New Clause 13 - Pupil referral units: supply and publication of information
Education Bill [Lords]
4:45 pm

Photo of Mr John Pugh

Mr John Pugh (Education Spokesperson, Education & Skills; Southport, Liberal Democrat)

We are into the à la carte element of the agenda now, and I begin to wish that I had thought of all sorts of cunning little new clauses to detain everybody for a while. Actually, the new clause is very good and has a lot of sense behind it. There is a danger   of looking at pupil referral units as sin-bins, where the children are thrown into the outer darkness and left to vegetate. Certainly, when they go to such units, there is often a sense of relief in the school: people are glad to see the back of them because they have been problematic. However, they will go on being problematic unless the PRU does the job and changes their behaviour, their level of attainment, or their general demeanour. That is essential.

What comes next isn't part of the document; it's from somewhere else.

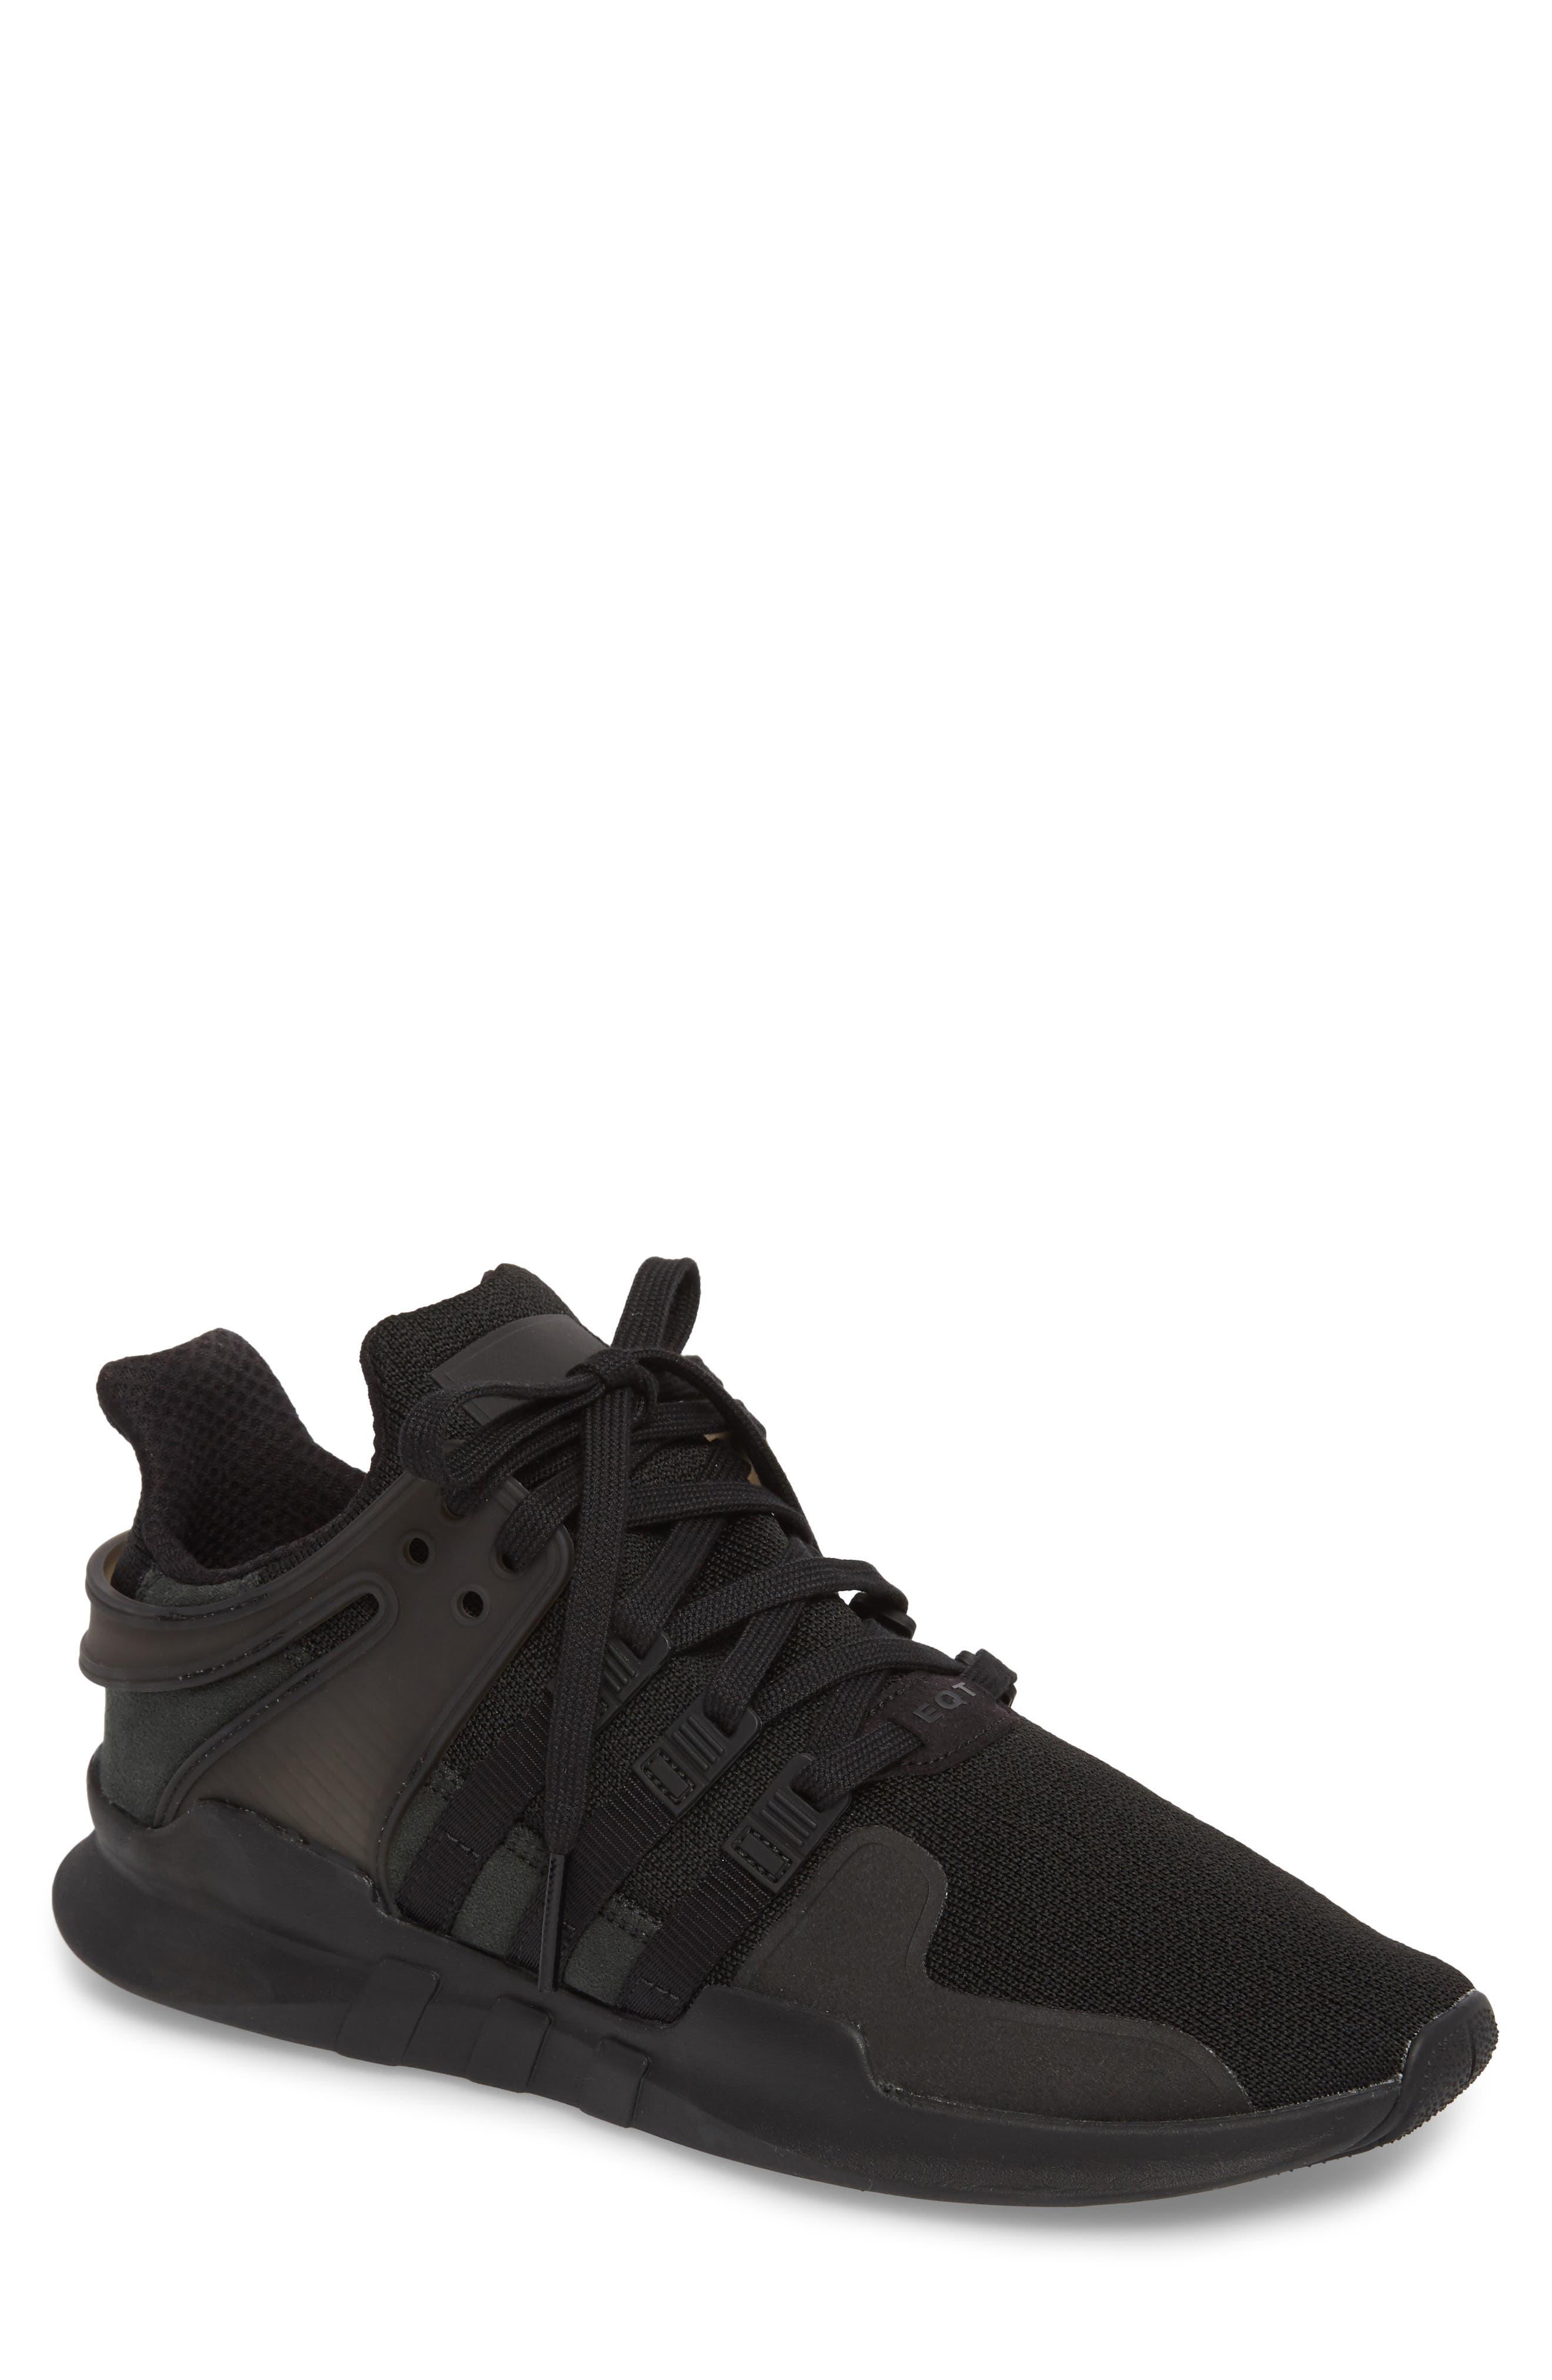 EQT Support Adv Sneaker,                         Main,                         color, Core Black / Black / White

If all that happens in the PRU is that a pupil goes on for a few more years in perhaps a more managed environment, but does not fundamentally achieve any more or change in any way, that pupil who has been thrown out of school as a problem will eventually go out into the world as a problem. Society picks up the tab for that. There is a lot of sense in a system in which the buck stops somewhere. If children are going to PRUs, we must rationally assess what good it is doing them, what progress they are making, and try to give the PRU a mission to be accomplished. I do not mean that patronisingly, but if they are subject to the same rigours as established, mainstream institutions, they will recognise that their job is every bit as, if not more important than, what happens in the mainstream.